The memory unit 2 stores various data used for executing parameter identification processes by the optimization apparatus 1. For example, the memory unit 2 may store instance information 2a, history information 2b, and optimal parameter values 2c. The memory unit 2 may be embodied, for example, by storage areas in either or both of the memory 10c and storing unit 10d in the computer 10 illustrated in FIG. 8.

The instance information 2a is information about an instance for which the optimal solution is sought (to be searched), and represents one example of a given instance. The instance information 2a is, for example, information indicating a specific example or case of a certain problem in an optimization problem, in other words, information indicating the conditions for the solution process for the optimization problem.

The history information 2b includes results in the past (experimental results), e.g., the tuning results of parameters for a plurality of instances executed in the past before the given instance. The history information 2b includes, for example, values of a plurality of parameters (hyperparameters) (a combination of values of parameters) identified in the tuning processes for each of the plurality of instances. Note that the plurality of instances may be a plurality of instances (similar instances) that belong to a common field but may differ from each other in terms of problems (optimization problems) and the solutions obtained by solving those problems. Examples of fields include, as one example, information technology (IT)-driven drug discovery.

The parameter tuning processes executed in the past stored in the history information 2b may employ the approach according to one embodiment or other approaches (e.g., the approach according to the comparative example), and these approaches may be employed in combination. Moreover, the history information 2b may be calculated by the optimization apparatus 1 or by other optimization apparatuses.

The optimization apparatus 1 (controller 8) may receive, for example, at least one of the instance information 2a and the history information 2b from another computer (not illustrated) via the IF unit 10e and a network and store the received information in a storage area.

In a tuning process of parameters, the controller 8 repeatedly executes the setting and evaluation of values of a plurality of parameters to be tuned, to thereby identify the optimal combination of values of parameters for a problem (instance) for which the optimal solution is searched.

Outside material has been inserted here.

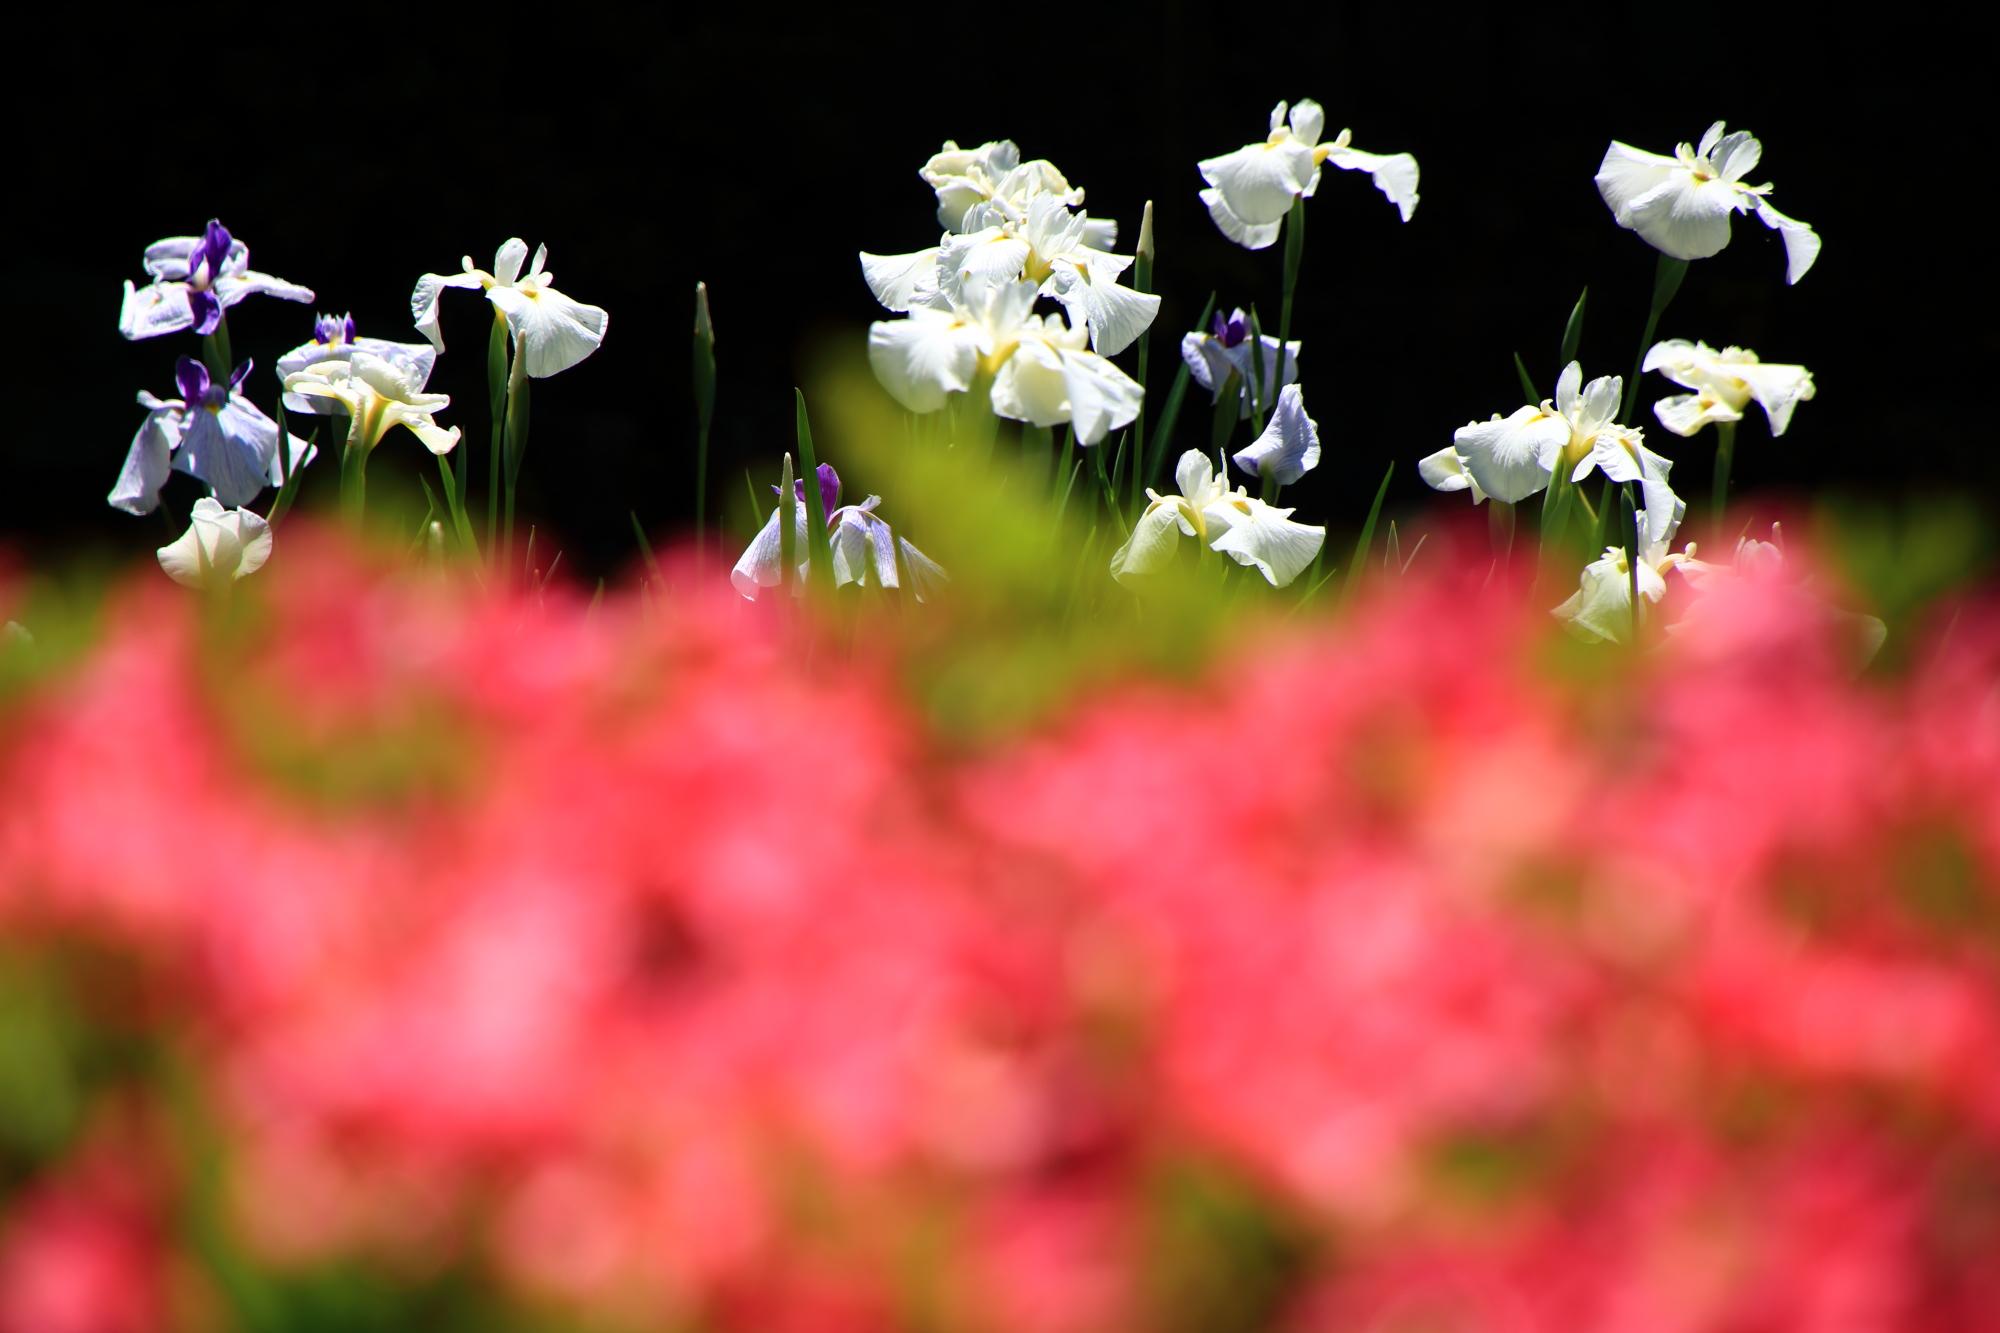 赤いツツジの向こうで元気に咲く白い花菖蒲

The data point classification unit 3, the kernel density estimation unit 4, and the combination selection unit 5 execute a selection process to select a value of each of parameters to be tuned from the candidates of values that can be set to the each parameter (the candidates of possible values of the each parameter).

The data point classification unit 3 classifies (divides) the data points observed up to now, in the iterative process. For example, as illustrated in FIG. 3, in an instance currently being executed, the data point classification unit 3 sorts the data points observed up to now by the evaluation value, e.g., by the value of the output variable y, and classifies them into two groups: the upper-level group L (e.g., points ranked in the top 10% of the evaluation values) enclosed by the dashed line and the lower-level group G enclosed by the dashed-dotted line.

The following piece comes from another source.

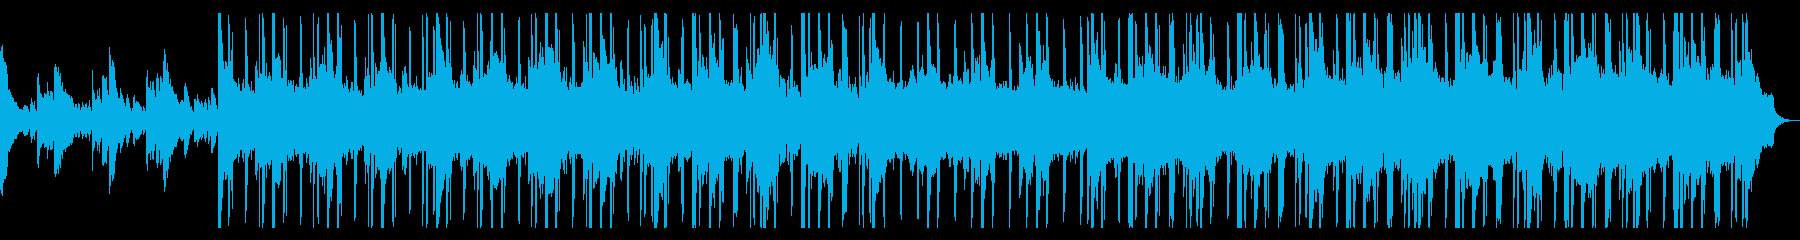 人気のある電子機器 R&B 感情的...の再生済みの波形

The kernel density estimation unit 4 performs a kernel density estimation based on the instance currently being executed indicated by the instance information 2a and a plurality of instances in the past indicated by the history information 2b, to obtain the probability density function.

For example, as illustrated in FIG. 5, the kernel density estimation unit 4 may generate a kernel function for each of data points in the lower-level group G among data points observed in the instance currently being executed, and calculate the probability density function g(x) by summing the resultant kernel functions.

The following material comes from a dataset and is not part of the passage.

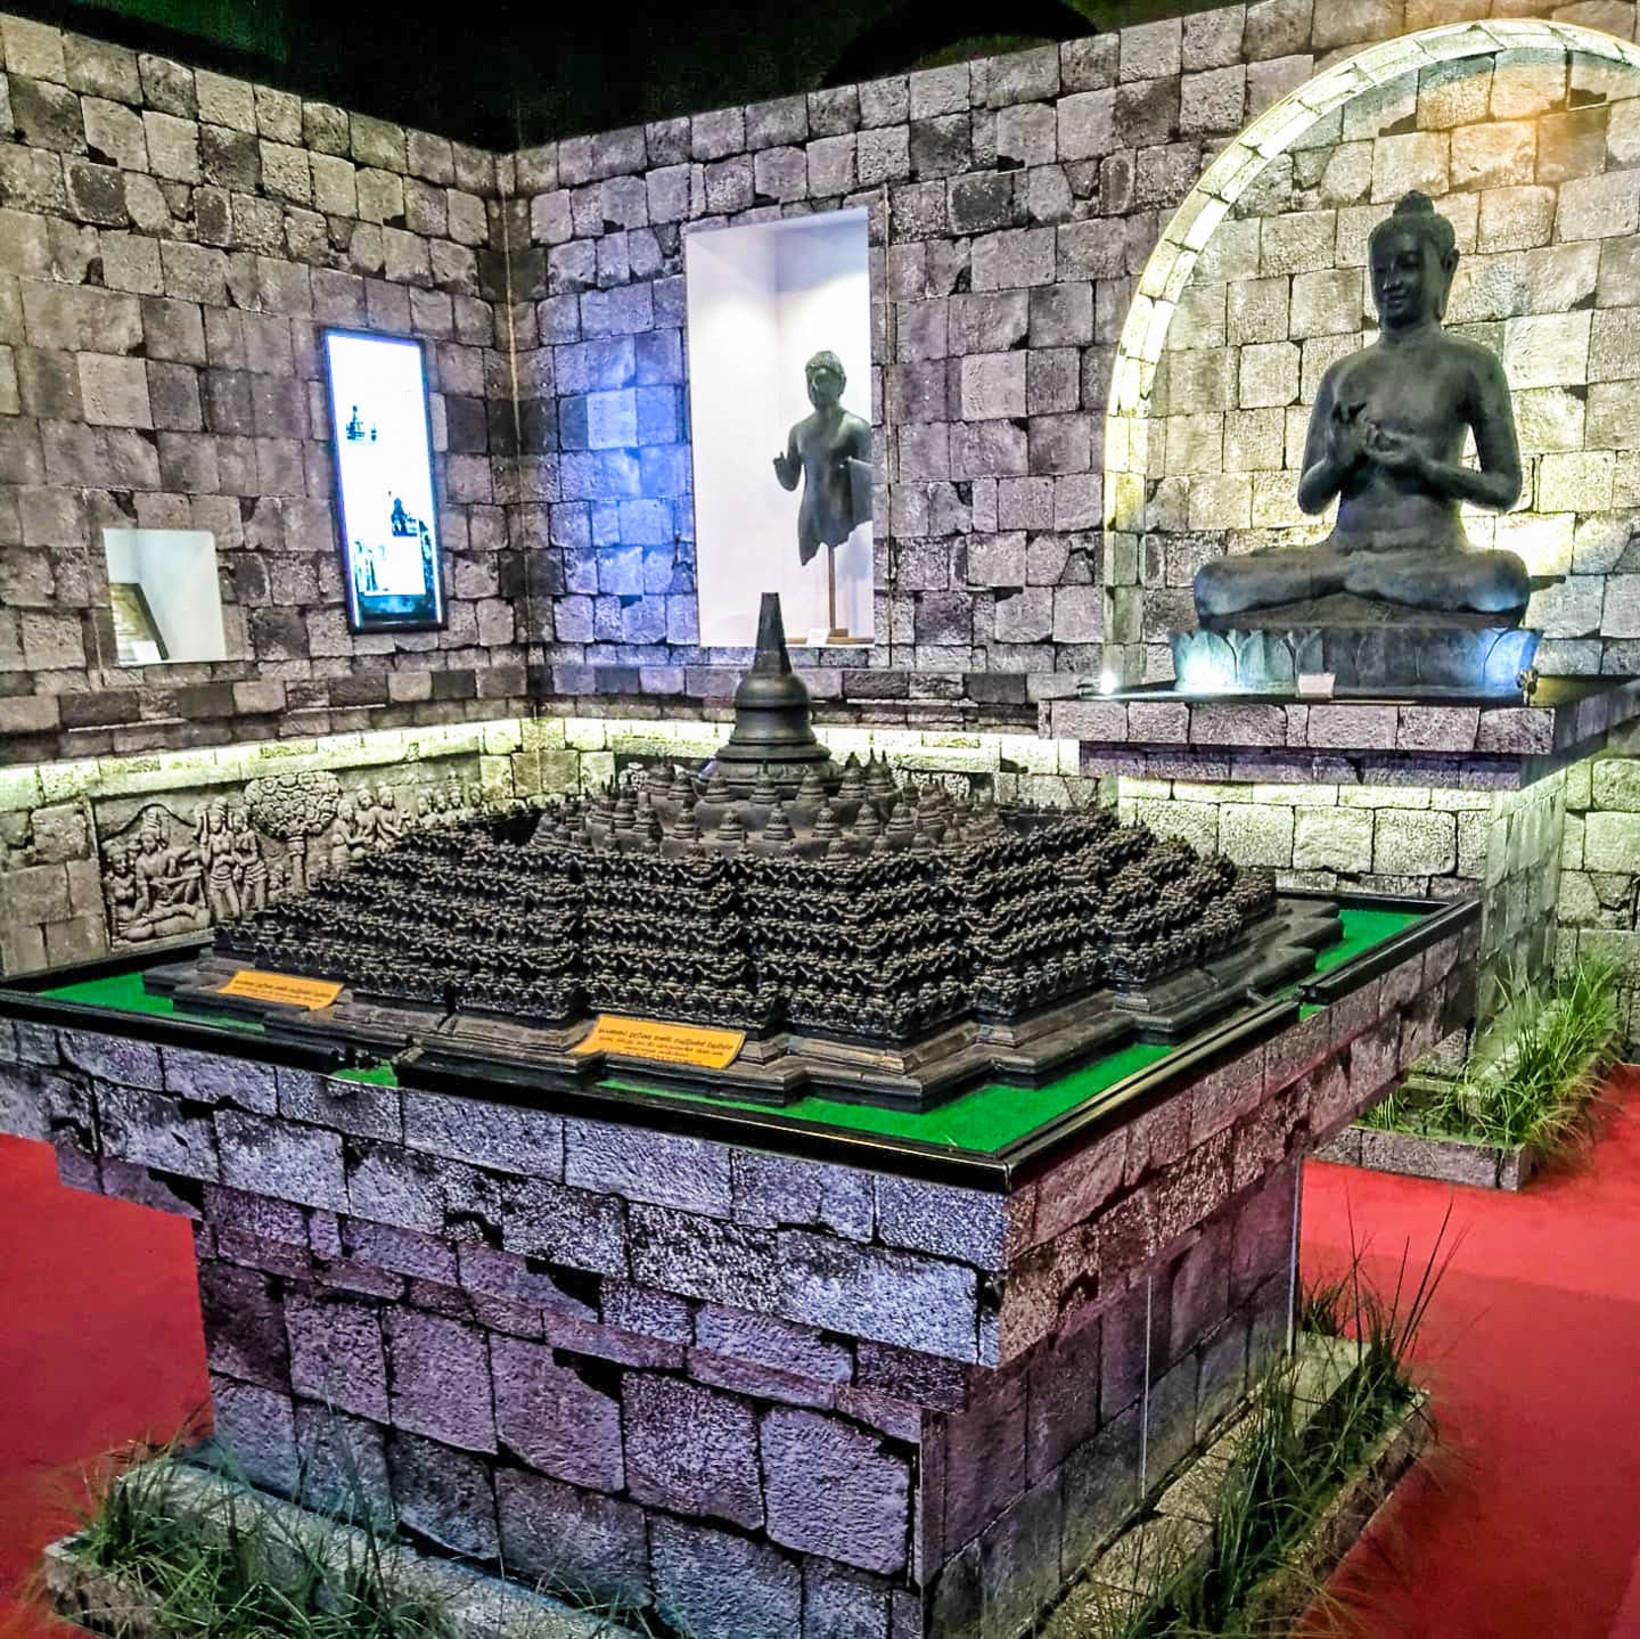 International Buddhist Museum, Kandy

In addition, the kernel density estimation unit 4 performs the follow process in the calculation of the probability density function l(x). The kernel density estimation unit 4 generates a kernel function x for each of values of the parameters (first values), e.g., each data point in the upper-level group L (see FIG. 5), observed in the instance currently being executed. Moreover, the kernel density estimation unit 4 generates a kernel function β for each of a plurality of values of the parameters (a plurality of second values) identified in a plurality of instances in the past. The kernel density estimation unit 4 then generates the probability density function l(x) of the parameters by combining the kernel functions α and β according to given weights.

Here, in the kernel density estimation in TPE as illustrated in FIG. 5 (see Step S112 in FIG. 2), kernel functions are generated from the data points observed in the instance currently being executed, and the probability density function is calculated by summing the resultant kernel functions.

In contrast, the kernel density estimation unit 4 utilizes a plurality of values of the parameters identified in a plurality of instances in the past, in addition to the instance currently being executed, to generate the probability density function l(x). By capturing trends from the plurality of instances in the past in this manner, the values of the parameters that have been evaluated as optimal in the tuning of the plurality of instances in the past, for example, can be utilized in the generation of the probability density function l(x).

As a result, hyperparameters can be efficiently tuned, leading to an improvement in the quality of the solution. Moreover, the improvement in the quality of the solution can reduce the number of searches for combinations of hyperparameter values, e.g., the loop count in Steps S102 to S104 illustrated in FIG. 1, thereby achieving the reduction in tuning time.

The combination selection unit 5 performs sampling and evaluation of candidate points for each of the probability density functions l(x) and g(x) obtained by the kernel density estimation unit 4 to select a combination of values of the parameters. For example, as illustrated in FIG. 6, the combination selection unit 5 samples a plurality of parameter values x that follow the probability density function l(x) as candidate points x+ (see the black circles) and selects (identifies) x+ at which the acquisition function is maximized, e.g., x+ at which 1 (x+)/g(x+) is maximized, among the plurality of candidate points x+. The combination selection unit 5 outputs the selected respective values x+ for the parameters as a combination of parameter values.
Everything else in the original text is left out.